● **WORK INSTRUCTION**: Among the lines below, output only those between the line holding "2 تيير طبق تجفيف" and the line holding "La inmersión de", inclusive, exactly as written and with no pictures.

● **DATA TO USE**:
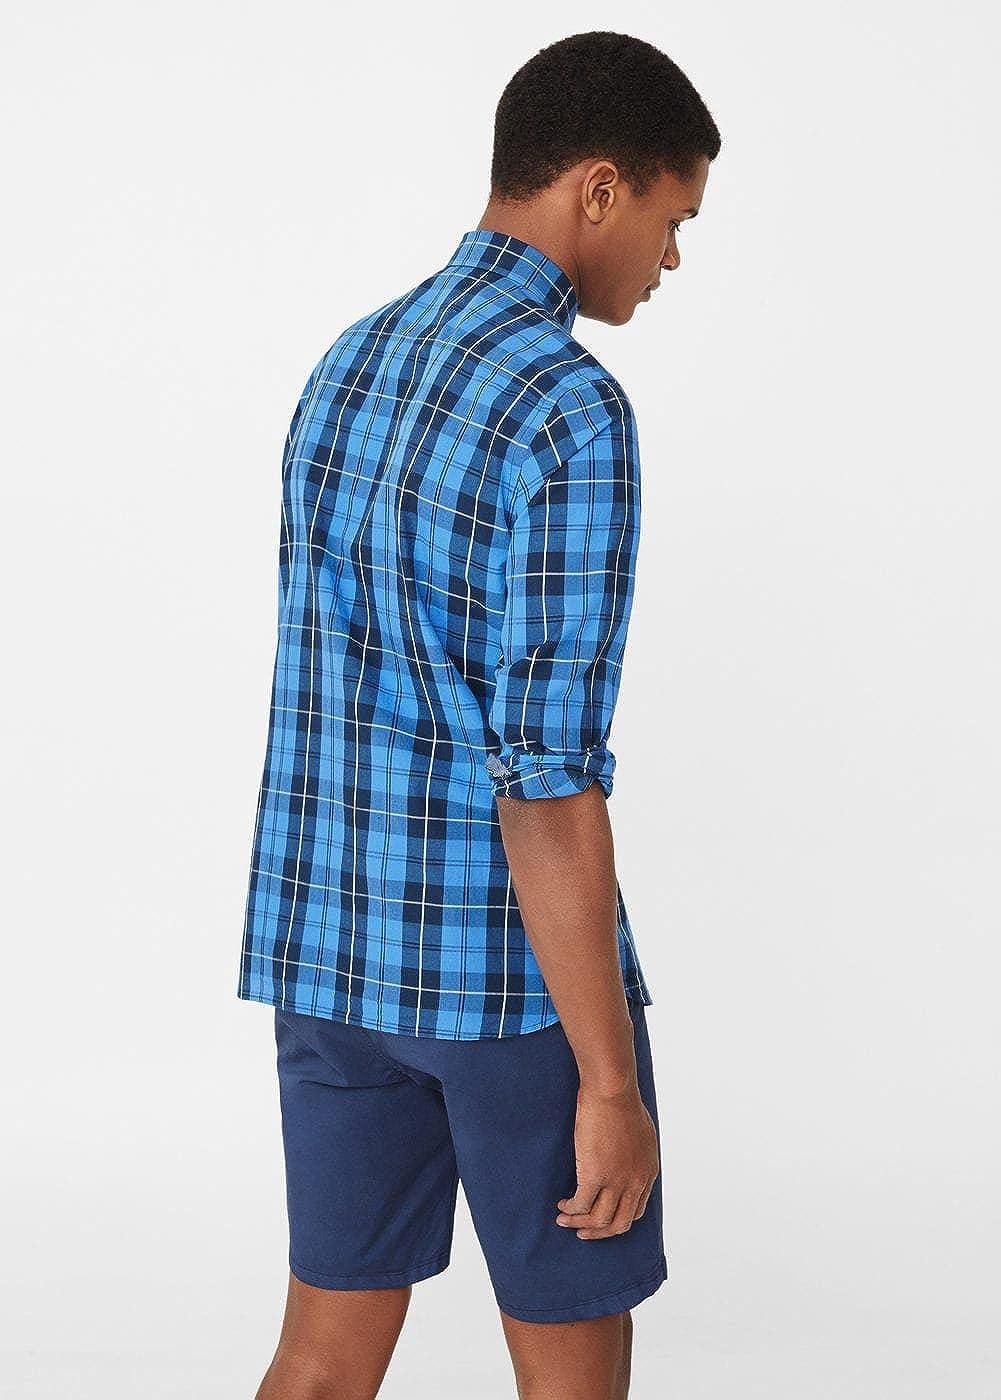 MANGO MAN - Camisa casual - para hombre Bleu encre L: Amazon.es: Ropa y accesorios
==
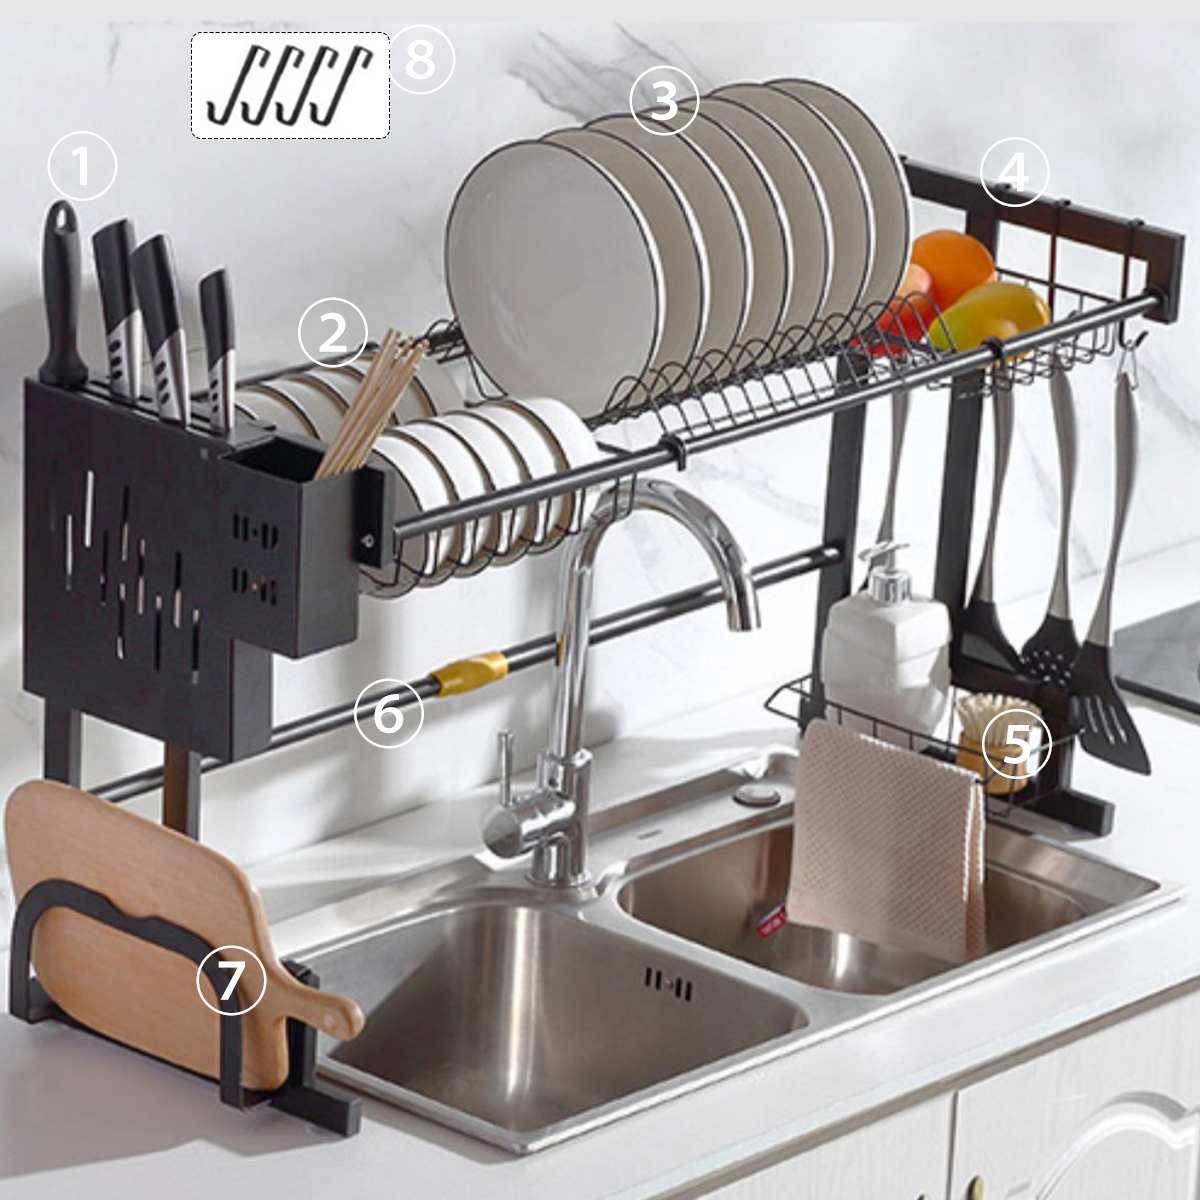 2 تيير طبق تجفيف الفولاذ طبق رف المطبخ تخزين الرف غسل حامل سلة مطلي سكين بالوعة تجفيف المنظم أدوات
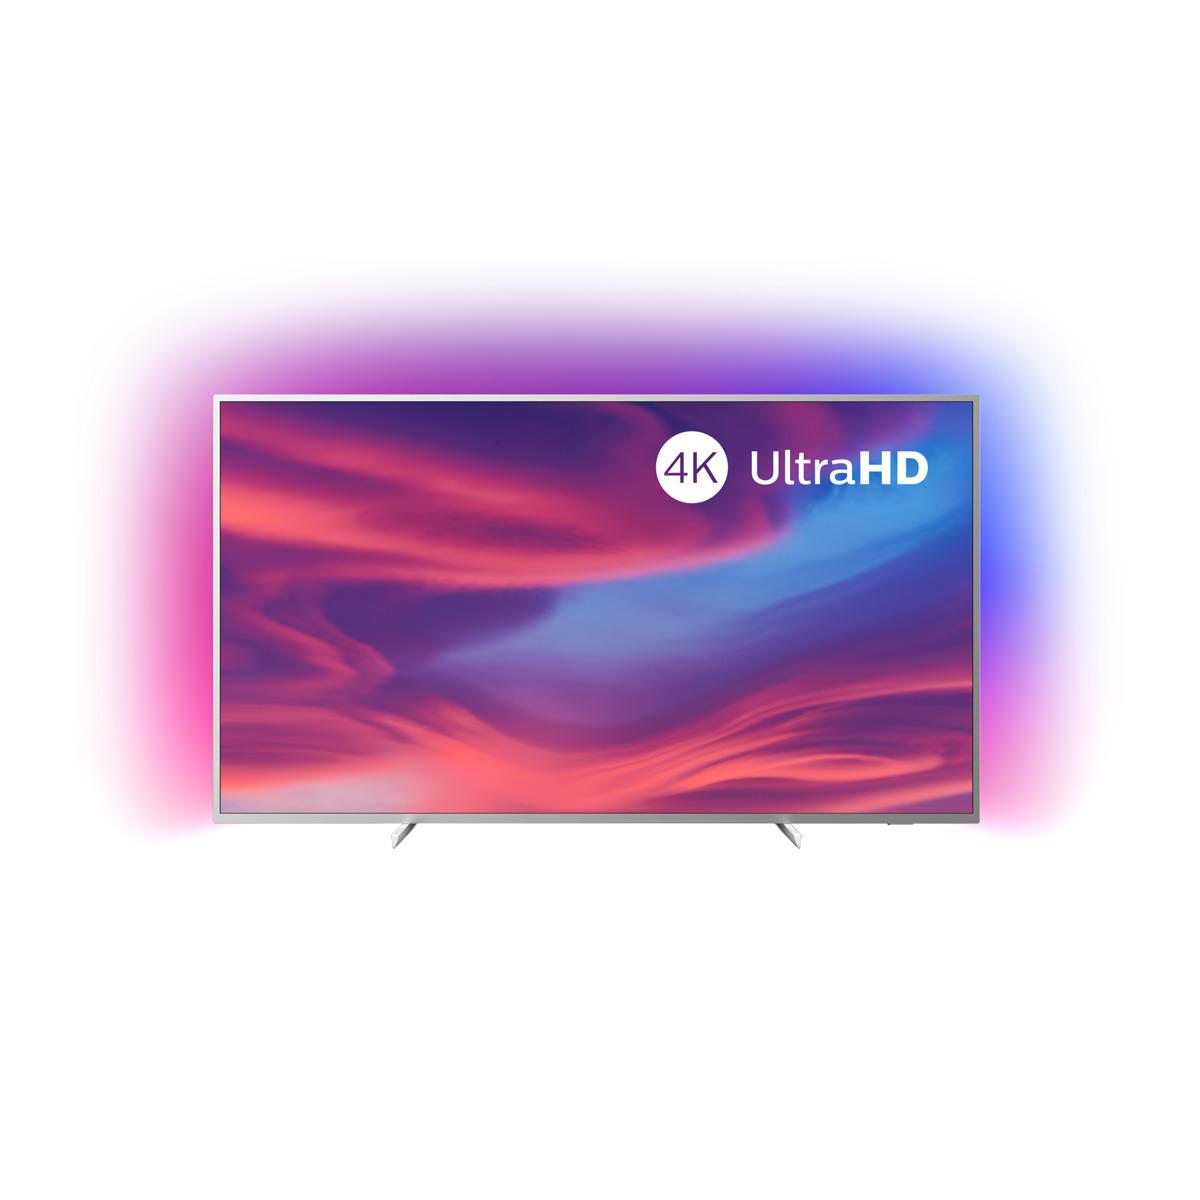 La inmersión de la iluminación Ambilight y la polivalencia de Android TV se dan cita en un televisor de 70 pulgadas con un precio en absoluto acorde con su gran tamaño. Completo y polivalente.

● **WRITTEN SOLUTION**:
 2 تيير طبق تجفيف الفولاذ طبق رف المطبخ تخزين الرف غسل حامل سلة مطلي سكين بالوعة تجفيف المنظم أدوات
 La inmersión de la iluminación Ambilight y la polivalencia de Android TV se dan cita en un televisor de 70 pulgadas con un precio en absoluto acorde con su gran tamaño. Completo y polivalente.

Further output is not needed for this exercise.